China's commerce minister told visiting US Secretary of Commerce Donald Evans yesterday that his four-year tenure has been only 70 percent successful, and urged Washington to grant Beijing market economy status.
The pointed comments came as Evans began a three-day visit aimed at pressing China to do more to stop rampant product piracy.
"Judging from the view of friends and judging from the achievements of your work, I should say that 70 percent of what you have done has been pretty good," said Commerce Minister Bo Xilai (薄熙來).
A visibly uncomfortable Evans responded with surprise.
"Oh, hey, that's almost flunking," he said. "That's almost failure."
Bo said granting China market economy status would show that the US is "willing to promote its trade with China on a free and fair footing."

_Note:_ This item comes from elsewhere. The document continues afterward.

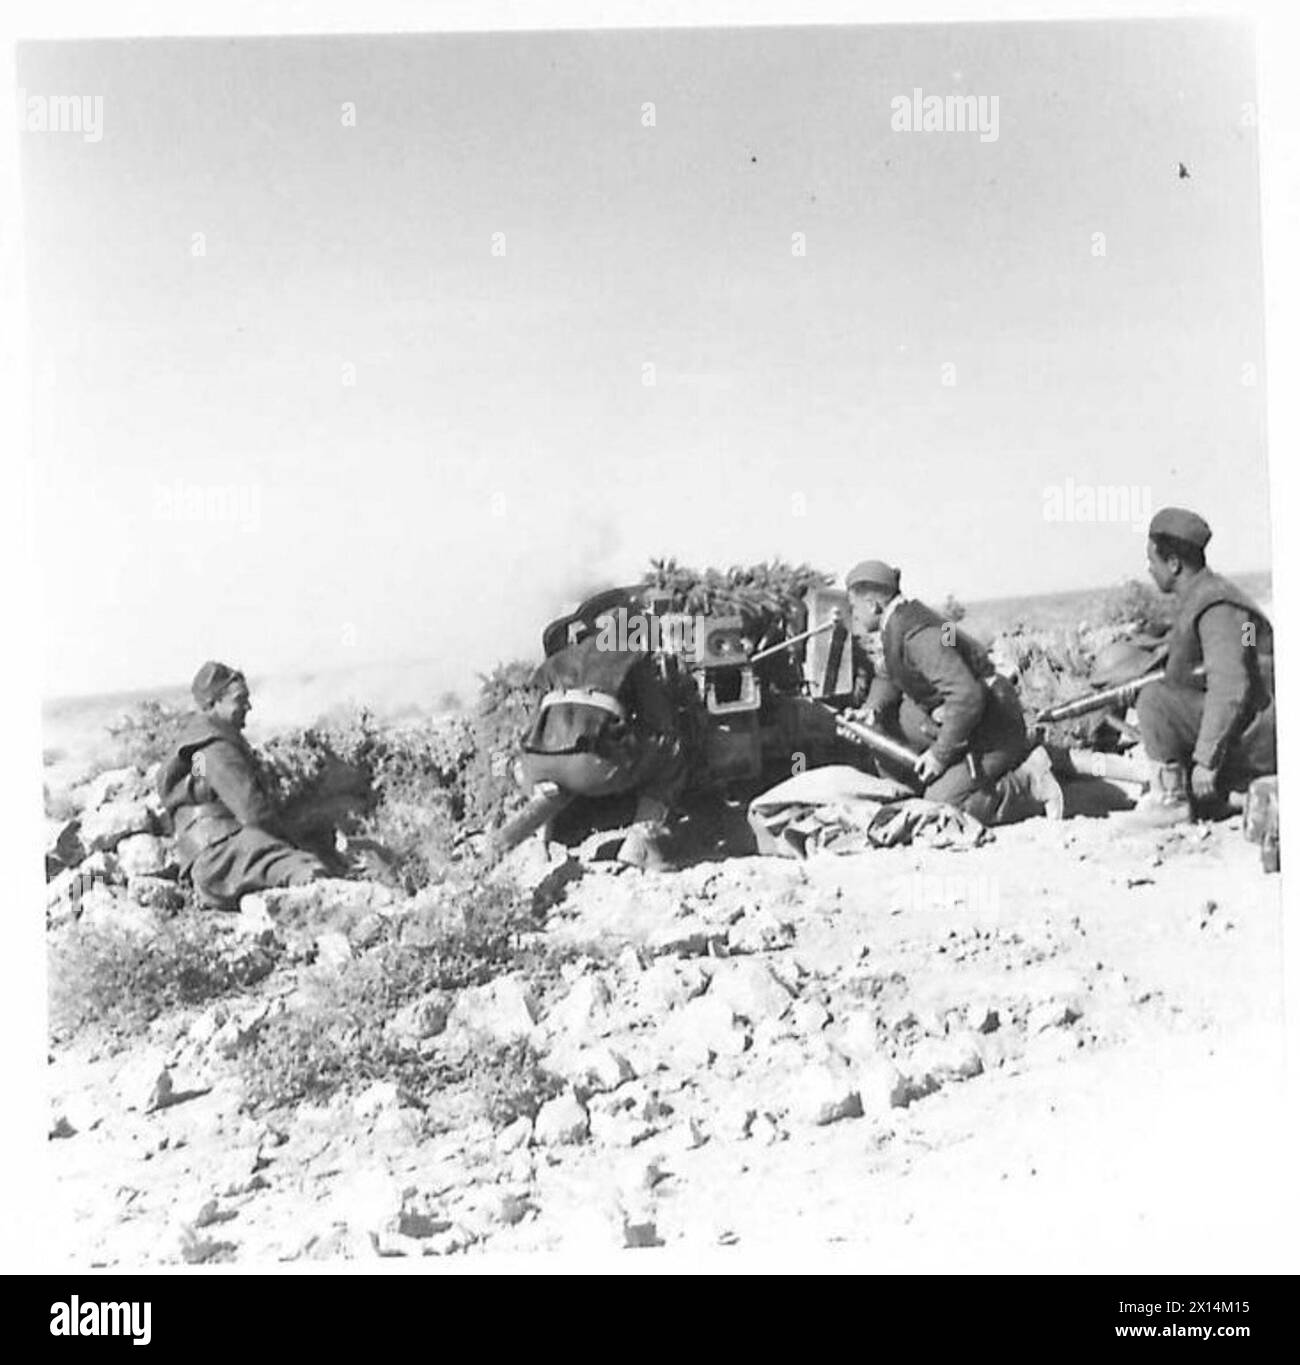 L'ARMÉE POLONAISE DANS LA CAMPAGNE DU DÉSERT occidental, 1940-1942 - troupes de (probablement) l'escadron d'artillerie antichars des Carpates tirant un canon allemand Pak 38 capturé à partir d'un poste avancé. Ces photos prises aux positions les plus avancées autour de Carmuset er Regem (Karmusat Ar Rijam) près de Gazala, montrent des unités d'infanterie et d'artillerie de la Brigade indépendante polonaise de fusils des Carpates face aux forces allemandes et italiennes Armée britannique, Armée polonaise, Forces armées polonaises à l'Ouest, Brigade indépendante de fusils des Carpates, forces armées polonaises dans l'Ouest, Brigade indépendante des Carpates, Carpates Banque D'Images

He expressed regret at Washington's decision not to grant it.
Such a designation would make it harder for US companies to win claims that Chinese competitors are setting unfairly low prices on goods sold in the US market.
Evans said last week that China "was not there yet" in taking steps to qualify for it.
Yesterday, he said in a speech to business leaders at the American Chamber of Commerce that countries seeking such a designation "must end government intervention and allow market forces to drive their economies."
Evans said China needed to do more overall to push the bilateral relationship forward.
"When Chinese leaders fail to produce results on points of friction and our trading relationship, their failure only empowers those critics within the US political system who seek to roll back the level of economic engagement," Evans said.
The US wants stiff prison sentences for property rights offenders, and other "tough criminal actions against those responsible for the thefts," he said.